To me, personally, the chief value of that originally small Christian Social Council, was the opportunity which it
gave me of forming intimate personal friendships with the leading personalities among the Free Church Ministers
of that period. I could say much about that most beloved of men Ingli James, Minister of the Queens Road
Baptist Church, who spoke out with fierce and prophetic courage about war and the injustices and ungodliness
of the times. But I must single out above all others Leslie Cooke, the Minister of Warwick Road Congregational
Church who came in about 1938 and left in about 1945? We became fast mutual friends. No friend of his would
ever forget him. He was the most loving and lovable and Christian of men. He was a brilliant and moving
preacher, an orator by nature, whose powers of oratory [were] dedicated to preaching the gospel, not only the
gospel of personal salvation but the gospel of Christian social justice. He blazed his way through Coventry
life and left his mark upon the personal character and attitudes of many in the city before he was called out of it
into international service in the World Council of Churches. Before describing his part in the formation of the
Christian Service Centre I must, as it were, bring onto the stage Bishop Neville Gorton who followed Bishop
Mervyn Haigh in 1943 and served another remarkable episcopate for l2 years.

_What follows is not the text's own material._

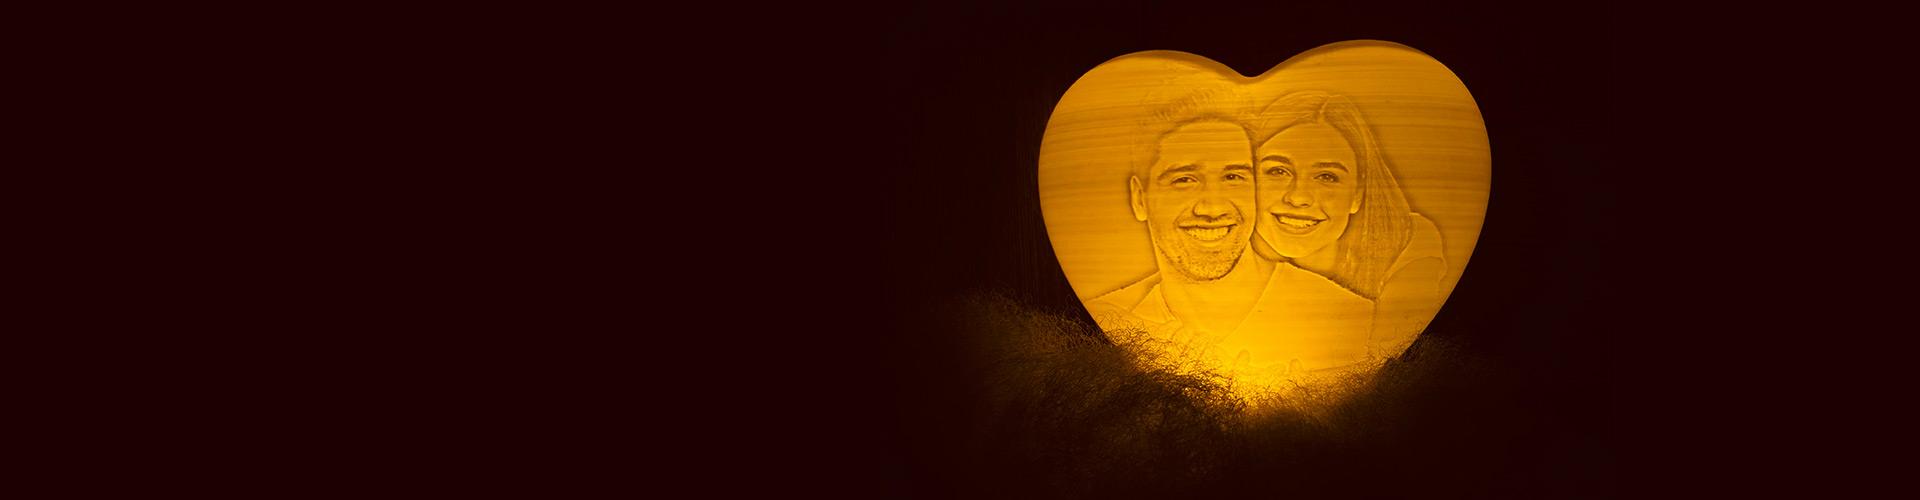 Heart-Shaped Photo Lamp

Neville Gorton was a great contrast to Mervyn Haigh - there could hardly be a greater. He was unconventional,
uninhibited, a passionate lover of people, and especially of the underdog, a hater of constitutions and of
hindrances to the free practical expression of the Christian faith. He came to be Bishop knowing that a new
Cathedral was about to be built and that he would have a leading part, along with the Provost, in the fashioning,
not only of the new building as such, but still more of its purposes. He believed that a Cathedral should exist for
the purpose not only of the worship of God in the building but of practical Christian service to the community of
the people of the city and diocese of Coventry.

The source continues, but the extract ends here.